Probabilities are predicted case status (r1), so controls (status of 0) skews towards more samples on the left, and positive PD cases (status of 1) skews more samples on the right. a Testing in PDBP the combined *omics model (genetics p value threshold = 1E-5, transcriptomics p value threshold = 1E-2, and clinico-demographic information) developed in PPMI prior to tuning the hyperparameters of the model; b Testing in PDBP the combined *omics model (genetics p value threshold = 1E-5, transcriptomics p value threshold = 1E-2, and clinico-demographic information) developed in PPMI after tuning the hyperparameters of the model. PPMI Parkinson’s progression marker initiative, PDBP Parkinson’s disease biomarker program, ROC receiver operating characteristic curve.
Optimizing the AUC threshold in withheld training samples and in the validation data.
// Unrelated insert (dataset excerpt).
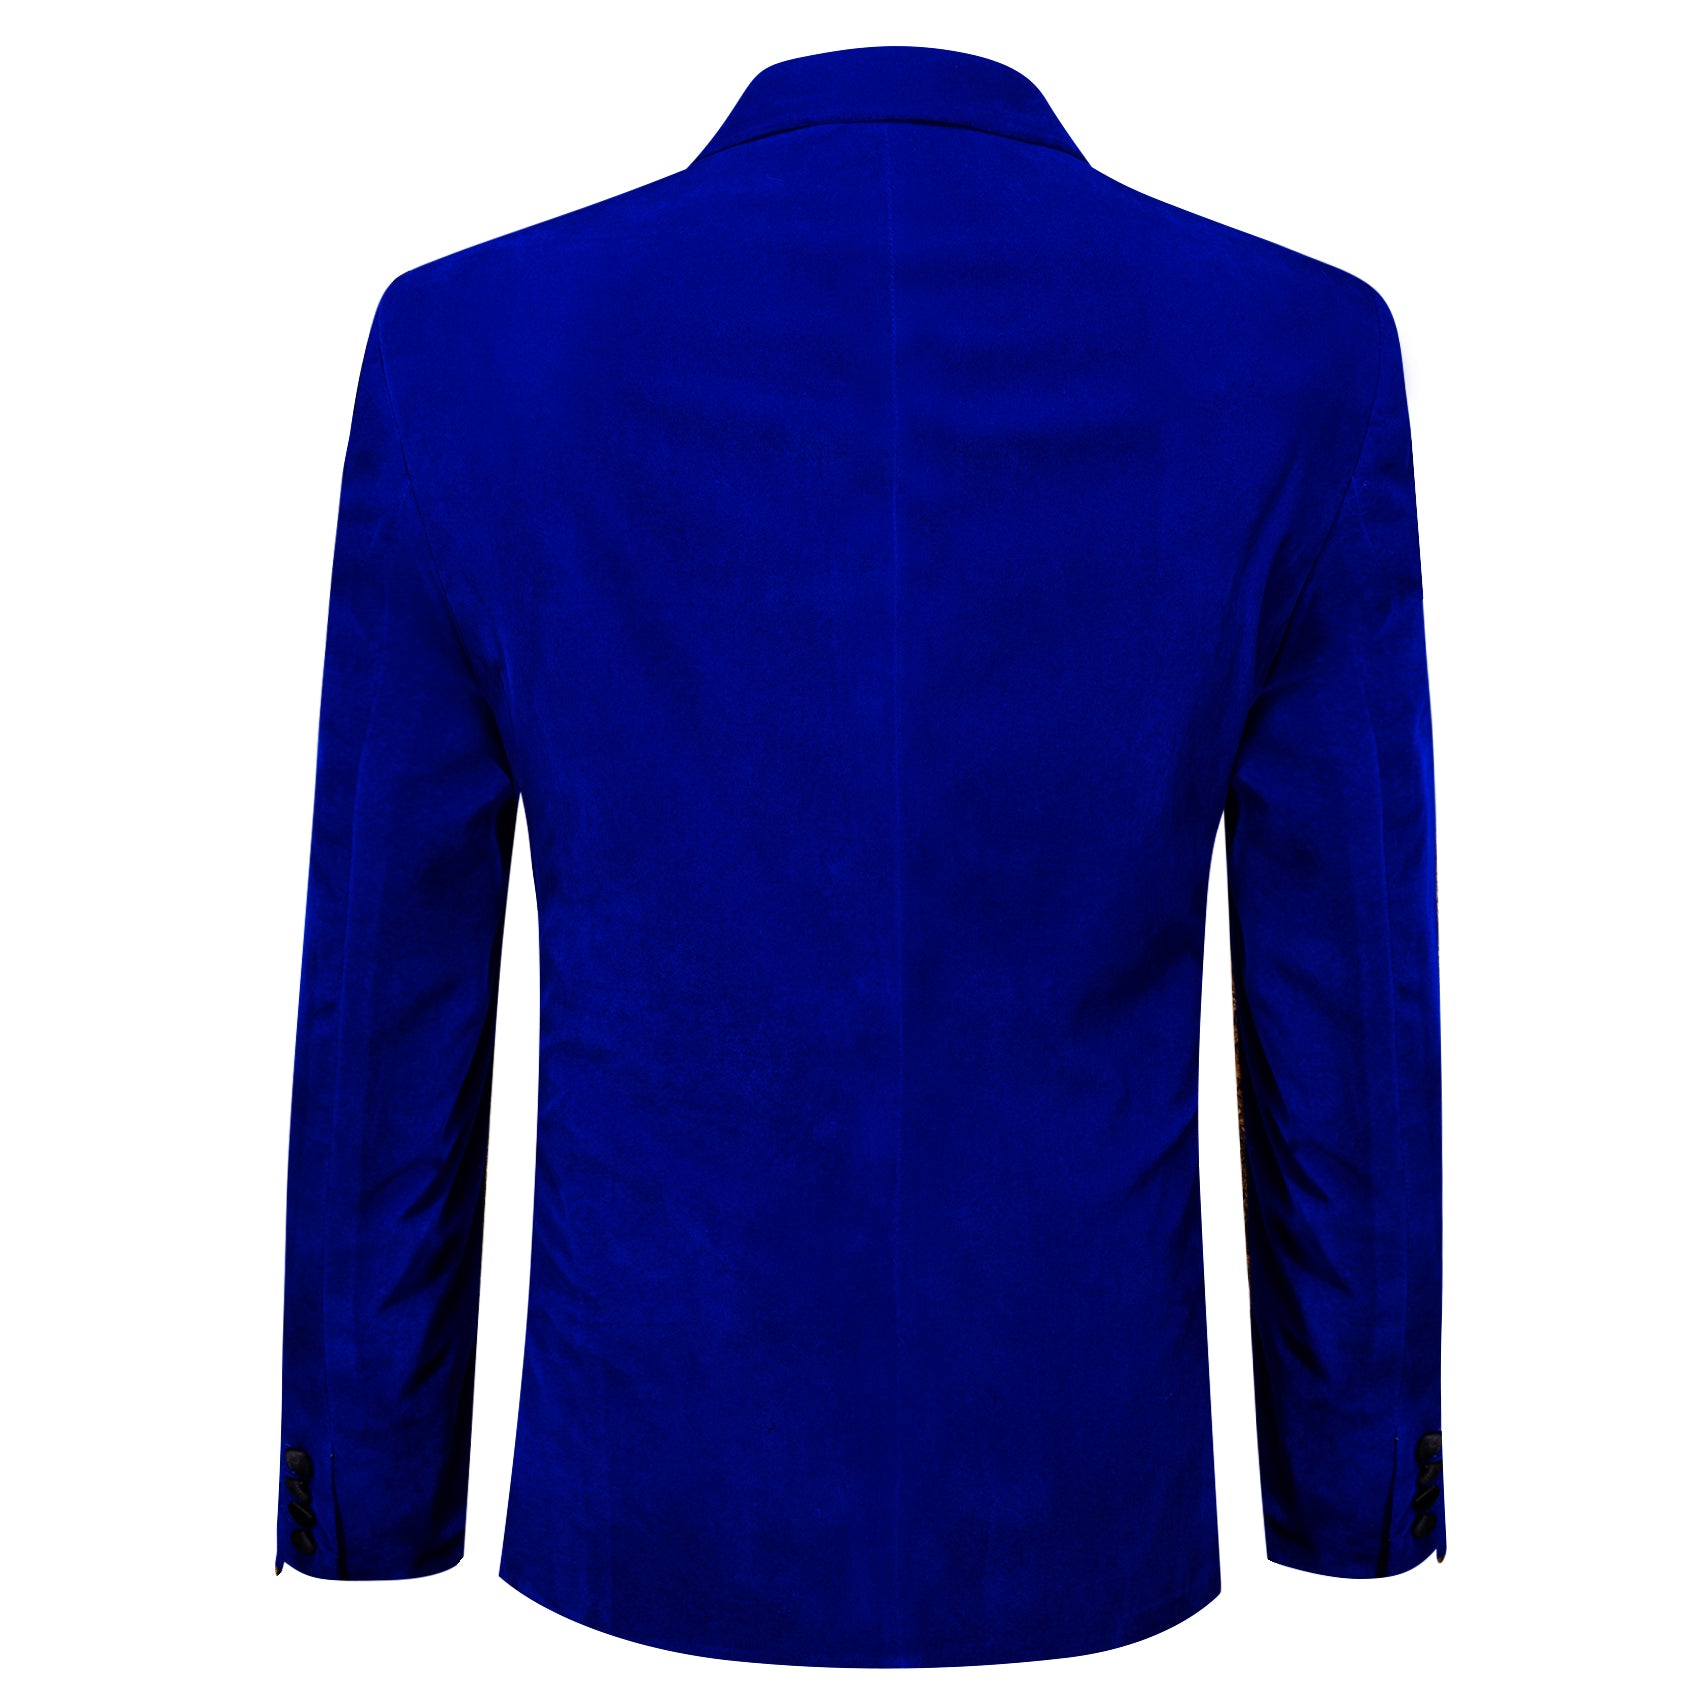 Barry.wang Men's Suit Navy Blue Solid Silk Peak Collar Suit for Party

| Dataset | PPMI, withheld samples | PPMI, withheld samples | PDBP, external test samples | PDBP, external test samples |
|---|---|---|---|---|
| Model | Training phase | Training phase | Tuned model | Tuned model |
| Optimization | optimized | default | optimized | default |
| Case Probability Threshold (%) | 51 | 50 | 51 | 50 |
| Accuracy (%) | 85 | 85.56 | 78.58 | 75 |
| Balanced accuracy (%) | 83.95 | 82.41 | 77.97 | 68.09 |
| Log loss | 0.05 | 0.05 | 0.07 | 0.09 |
| Sensitivity | 0.86 | 0.89 | 0.80 | 0.93 |
| Specificity | 0.82 | 0.76 | 0.76 | 0.43 |
| PPV | 0.93 | 0.91 | 0.85 | 0.74 |
| NPV | 0.69 | 0.73 | 0.68 | 0.78 |
Fig. 4Feature importance plots for top 5% of features in data.
The plot on the left has lower values indicated by the color blue, while higher values are indicated in red compared to the baseline risk estimate. Plot on the right indicates directionality, with features predicting for cases indicated in red, while features better-predicting controls are indicated in blue. SHAP Shapley values, UPSIT University of Pennsylvania smell identification test, PRS polygenic risk score.